The Clark Street station is a station on the IRT Broadway–Seventh Avenue Line of the New York City Subway. It is located at Clark Street and Henry Street in Brooklyn Heights, Brooklyn. It is served by the 2 train at all times and the 3 train at all times except late nights.

History

20th century
On April 15, 1919, the Clark Street Tunnel opened, and this station opened with it, extending West Side Line express trains from Wall Street on the other side of the East River to Atlantic Avenue via a new connection at Borough Hall. The connection doubled the capacity between Manhattan and Brooklyn and eased congestion from the Joralemon Street Tunnel. Direct express service to Times Square was provided to the inhabitants of Brooklyn for the first time as a result.

On April 30, 1930, the New York State Transit Commission ordered the installation of a third elevator at the station. This elevator went into service on November 25, 1931.

The city government took over the IRT's operations on June 12, 1940. During the 1964–1965 fiscal year, the platforms at Clark Street, along with those at four other stations on the Broadway–Seventh Avenue Line, were lengthened to  to accommodate a ten-car train of  IRT cars.

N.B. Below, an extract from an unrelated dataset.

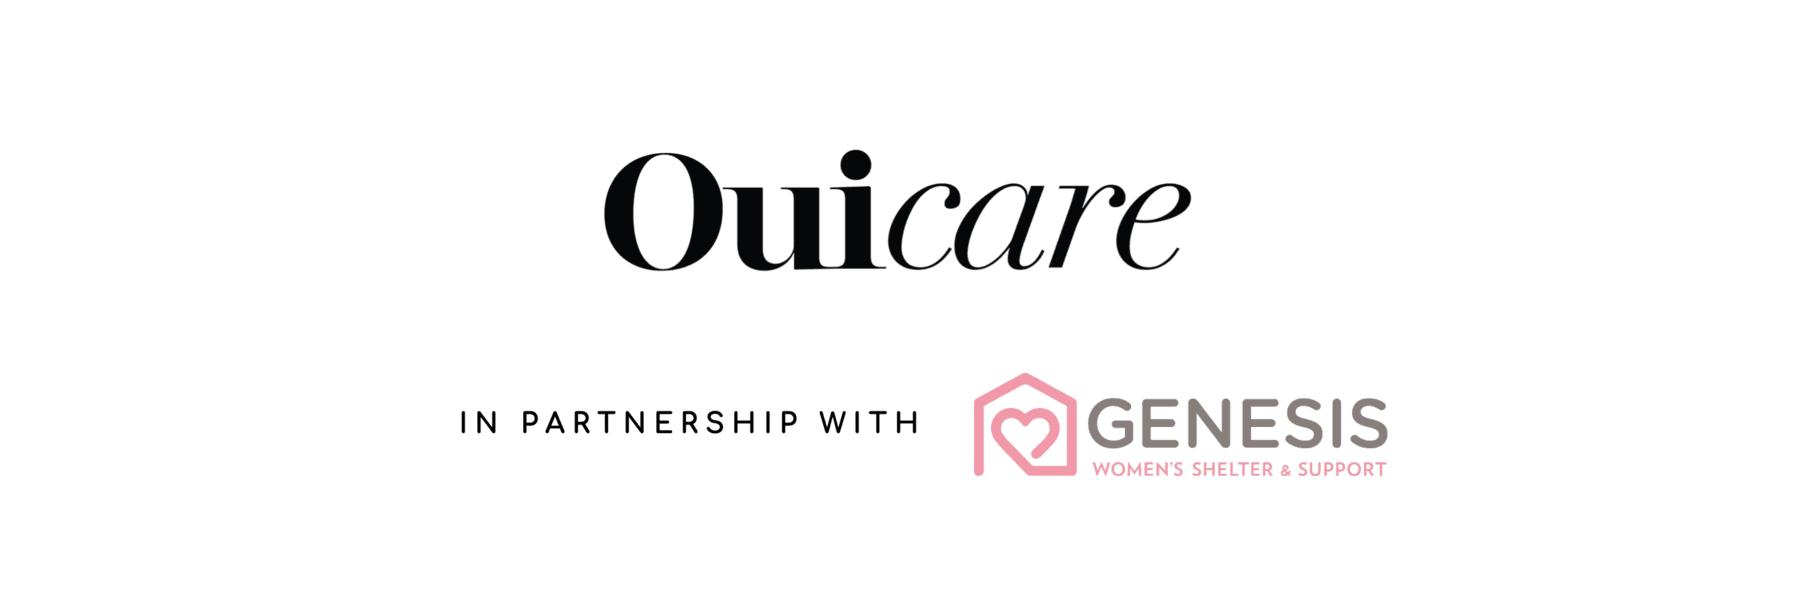 OUIPLEASE OUICARE GENESIS WOMEN'S SHELTER PARTNERSHIP logos

In 1981, the Metropolitan Transportation Authority (MTA) listed the station among the 69 most deteriorated stations in the subway system. On February 8, 1983, renovations made to the station as part of the MTA's Adopt-A-Station Program were unveiled. The $260,000 cost was evenly split between public and private agencies. Neighborhood maps were added to the station as part of the project.

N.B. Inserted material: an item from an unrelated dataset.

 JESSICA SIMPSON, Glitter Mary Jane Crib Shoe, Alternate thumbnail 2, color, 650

In 1984–1985, construction was completed to rehabilitate the station. The station was chosen for renovation in 1979, and design work was done in early 1982. Artwork was to be contributed to the design. The platform was refinished, new lights and new signs were installed, and new painting was done. The project was projected to cost $1.25 million but went over budget. The construction was projected to begin in January 1984, but it quickly fell behind schedule. Issues with the contractors contributed to the delays.

21st century
The elevators were repaired in 2000, necessitating a four-month closure, and again in 2007. In January 2017, Clark Street became the last underground station in the New York City Subway to receive Transit Wireless cell phone service.

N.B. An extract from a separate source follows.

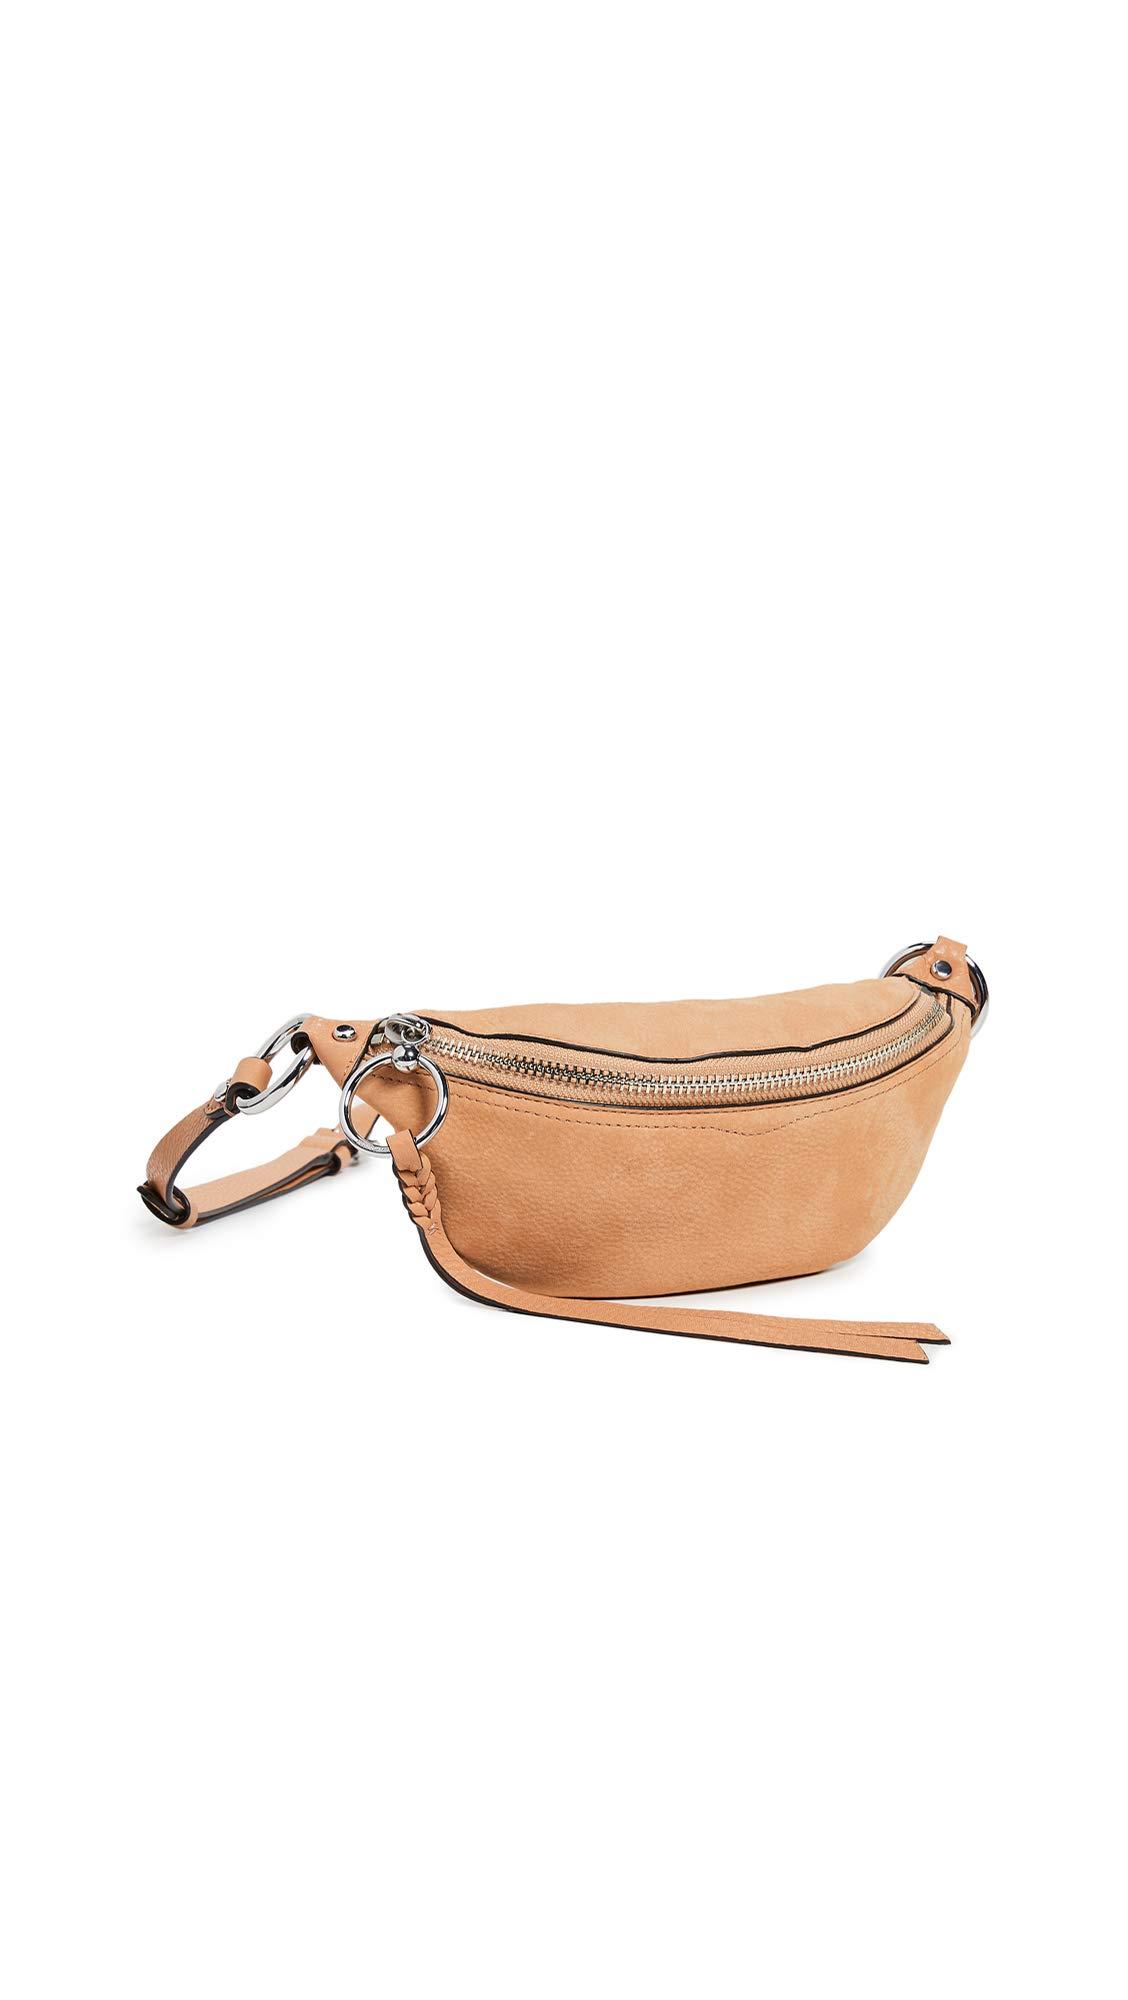 Rebecca Minkoff Women's Bree Mini Belt Bag, Honey, Tan, One Size

The MTA announced in 2019 that the station's elevators would need to be replaced again in 2020 because they frequently broke down. At the time, the MTA estimated that repairs might take eight months to three years depending on whether the station is fully closed or remains open. The elevators have never been replaced since they were originally installed: two of the elevators date from the station's opening in 1919, while the third dates from 1931. In September 2021, the MTA announced that the station would again be closed for several months for elevator replacement and structural repairs. The station was closed on November 3, 2021, and reopened on May 5, 2022.

Station layout 

Clark Street is geographically the westernmost station in Brooklyn on the Broadway–Seventh Avenue Line. It has one island platform and two tracks. Due to the deep-bore tunneling used to construct this part of the line, the station's walls are rounded. On the walls of the platforms are mosaics of sailing ships and large name panels reading Clark Street–Brooklyn Heights.

Exit 
The platform has two staircases in the center that go up to a passageway, which leads to three elevators. The floor of the passageway contains a 1987 artwork titled Clark Street Passage by Ray Ring and the elevators go up to fare control, which is on the first floor of the now-defunct Hotel St. George.

The station is not fully ADA-accessible, since there are no elevators or ramps that lead to the platform. The fare control area contains a small arcade of businesses and two doors that led to the former lobby and checking room of the hotel. The station's two entrances have awnings that read "Hotel St. George."

This is one of only three stations in the subway system that can be accessed solely by elevators. The other two—168th Street and 181st Street—are also on the Broadway–Seventh Avenue Line, albeit in Upper Manhattan.  An emergency stairwell exists between elevators 1 and 2 from the passageway up to fare control, but it is rarely used and consists of an 80-foot (24.3-meter) climb.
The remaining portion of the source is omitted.